A security camera tape from Aug. 29 captured the 16-year-old slowing down on a Brooklyn sidewalk as the officers caught up to him.

The tape shows an officer, identified as Tyraine Isaac, hitting the teen with a roundhouse punch. Seconds later, as the teen backs away, raises his hands and leans against a wall, a second officer, David Afanador, appears to hit him with his pistol. The beating continues until the teen drops to the ground and is handcuffed.

The NYPD’s Internal Affairs Bureau and the Brooklyn district attorney’s office confirmed Tuesday that they are investigating. Police said Afanador has been suspended and Isaac has been put on desk duty pending the outcome.

“What’s depicted on this video is troubling and warrants a thorough investigation,” Brooklyn DA Kenneth Thompson said in a statement.

A police union official, Patrick Lynch, called the video misleading because it doesn’t show how the teenage suspect was caught with drugs and tried to get away.

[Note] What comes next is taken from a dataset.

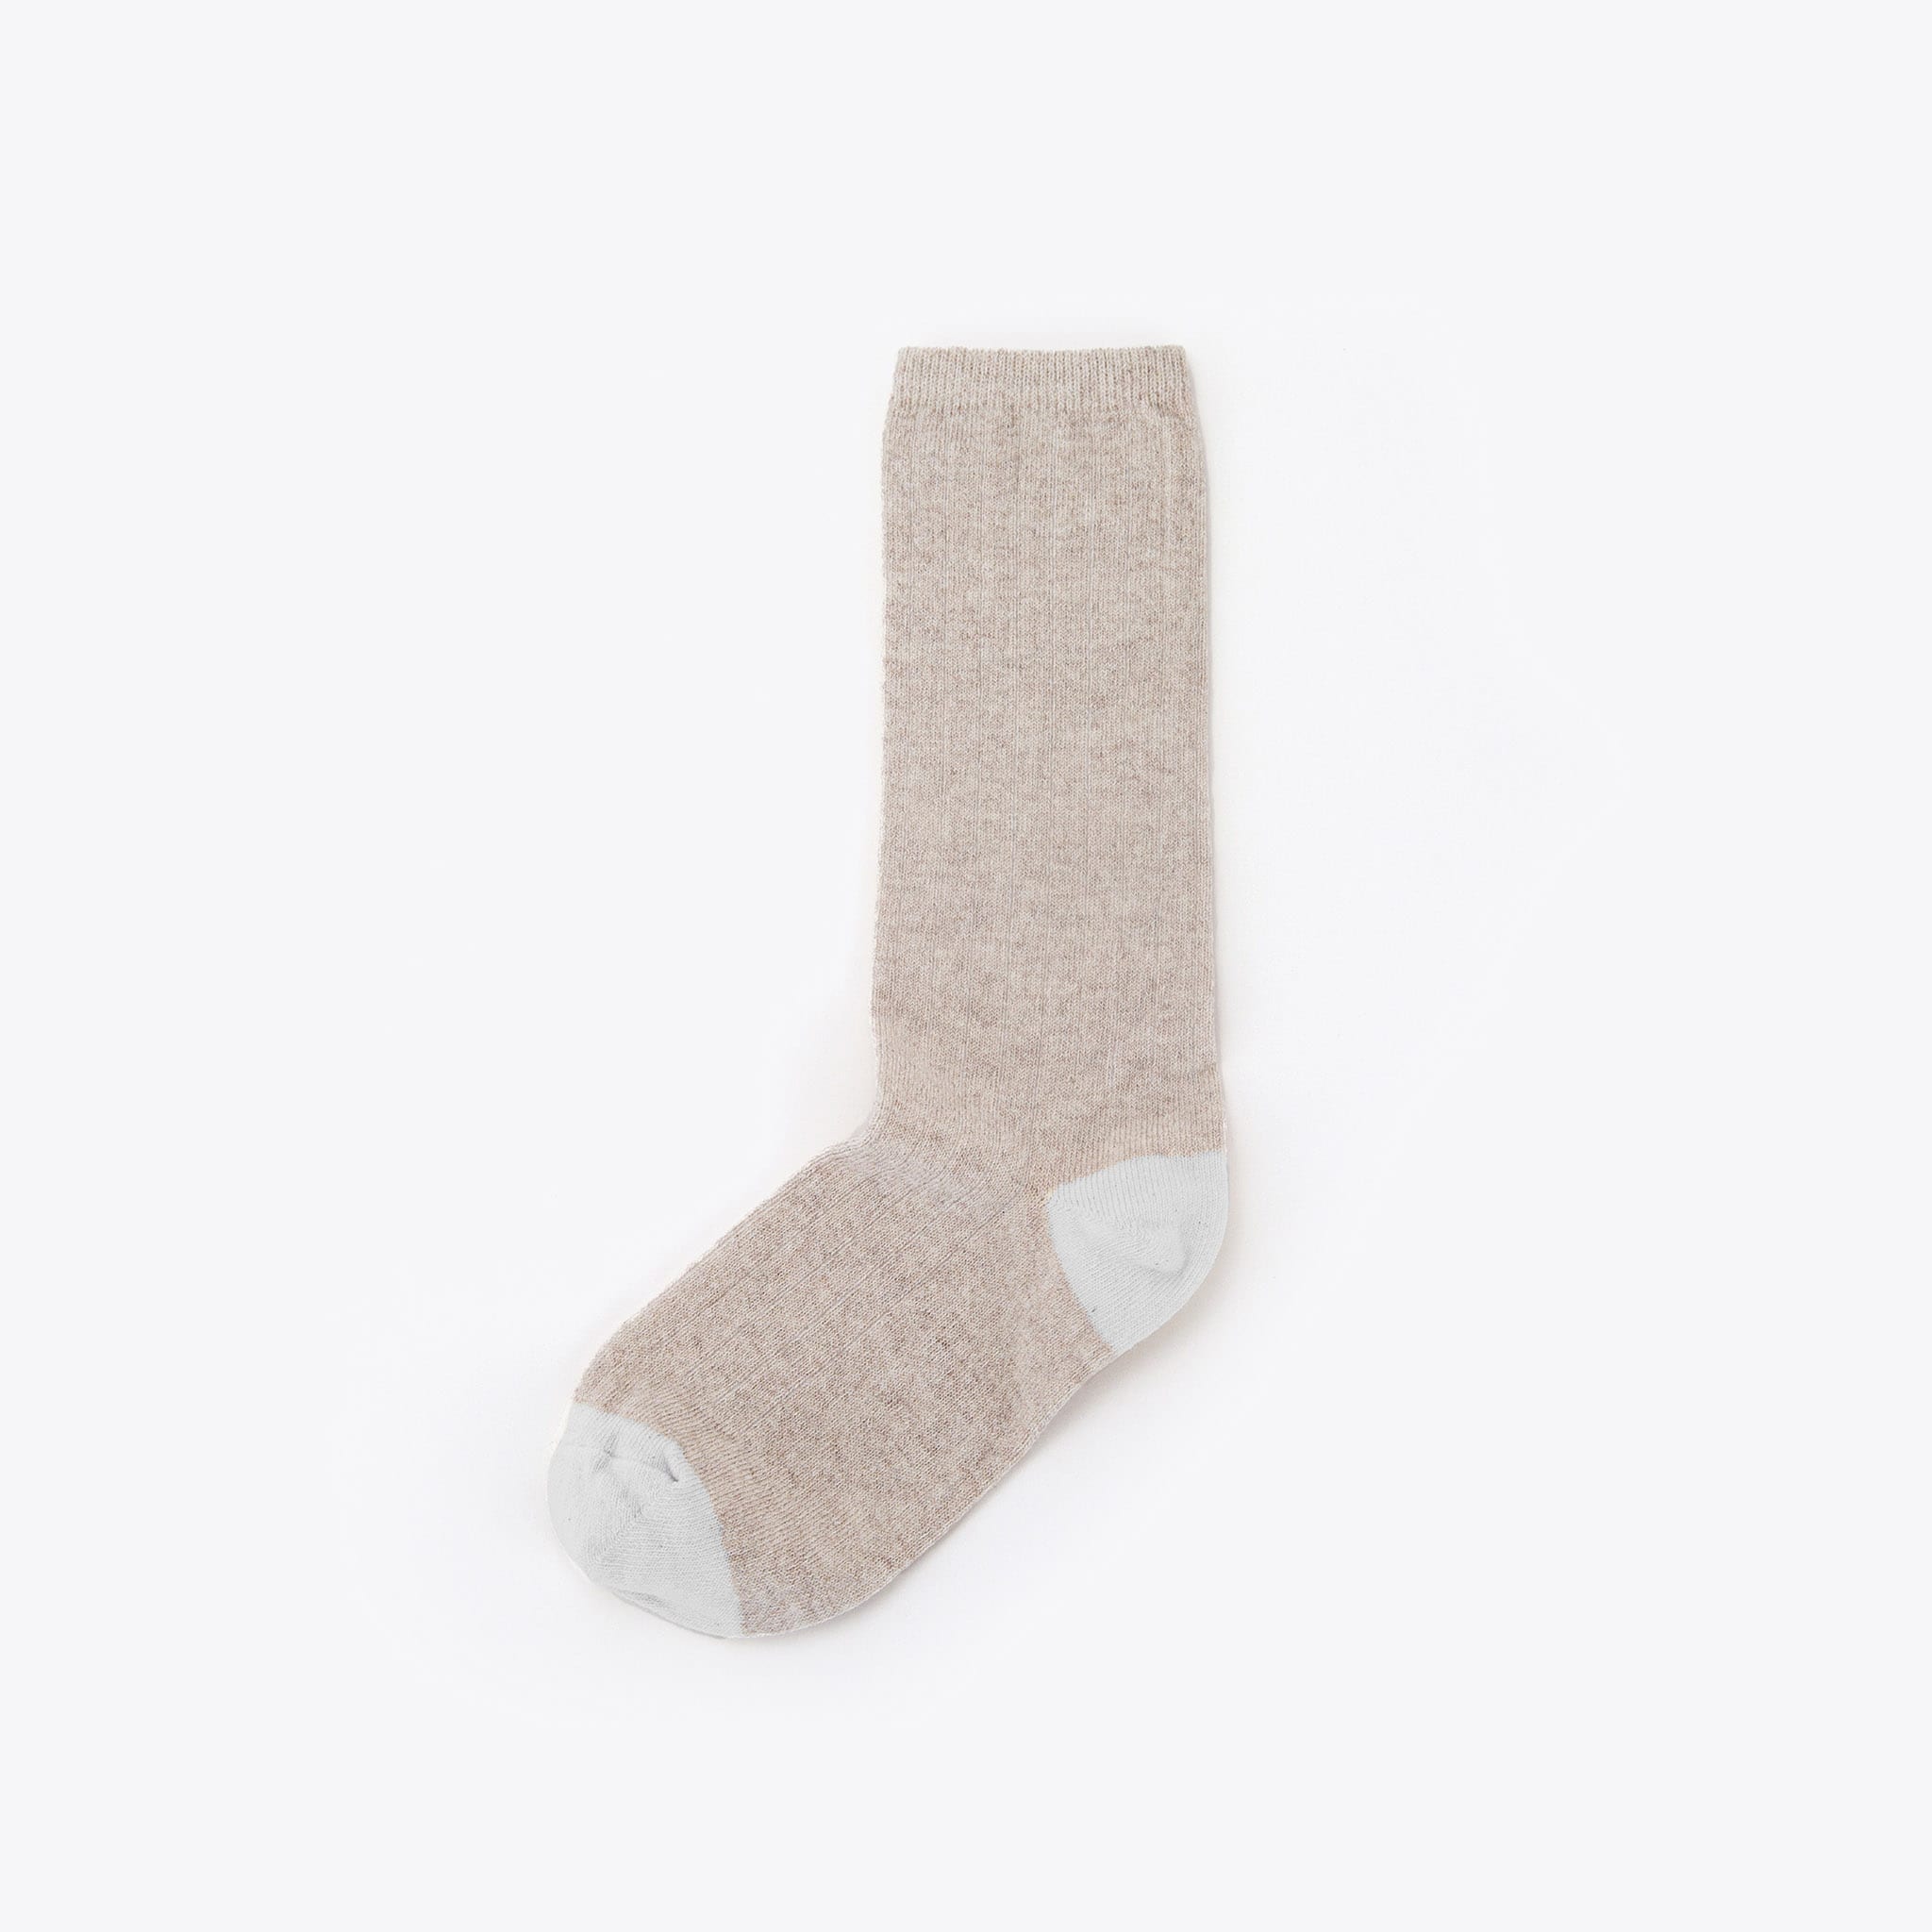 Nisolo Cotton Crew Sock Tan/White

“As usual, the video fails to capture the offense that resulted in police action or the lengthy foot pursuit that culminated in the arrest,” Lynch said. “Situations like this one happen in real time under great stress. It’s very easy to be judgmental in the comfort of an office while sitting in front of a video screen.”

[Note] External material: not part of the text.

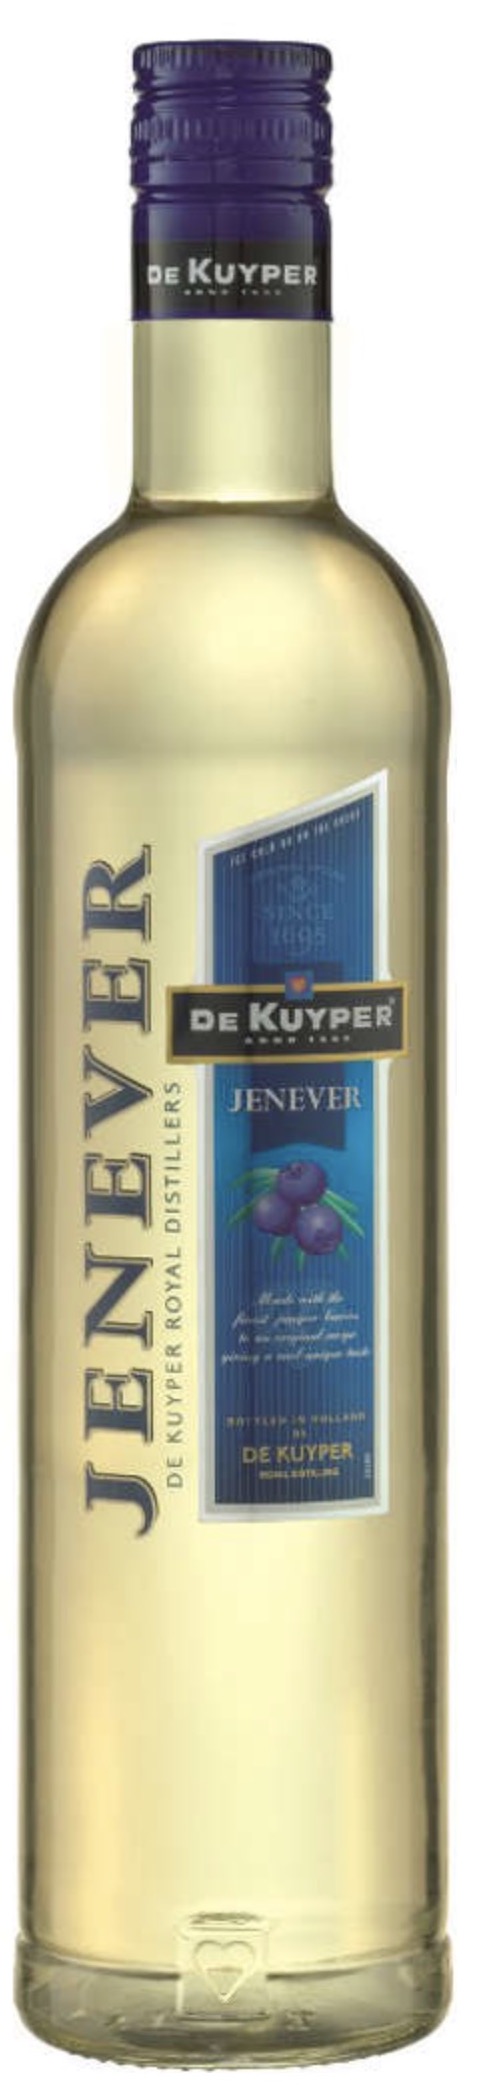 De Kuyper Jonge Genever 35% vol. 0,7L

Prosecutors said the teen ended up pleading guilty to disorderly conduct and was released.

The case comes after an uproar over the death of an unarmed man, Eric Garner, during another videotaped arrest in July on Staten Island. The medical examiner ruled that a banned chokehold used by one of the arresting officers contributed to Garner’s death.

Garner, who was asthmatic, could be heard on the amateur video shouting, “I can’t breathe!”

A grand jury is hearing evidence to consider whether there should be criminal charges brought in Garner’s death. Union officials insist the officer used an authorized takedown move, not a chokehold.

Last week, Police Commissioner William Bratton warned that he’s taking steps to identify abusive officers and kick them off the police force, the nation’s largest.

The video of the teen’s arrest was posted online Tuesday by the website DNAinfo.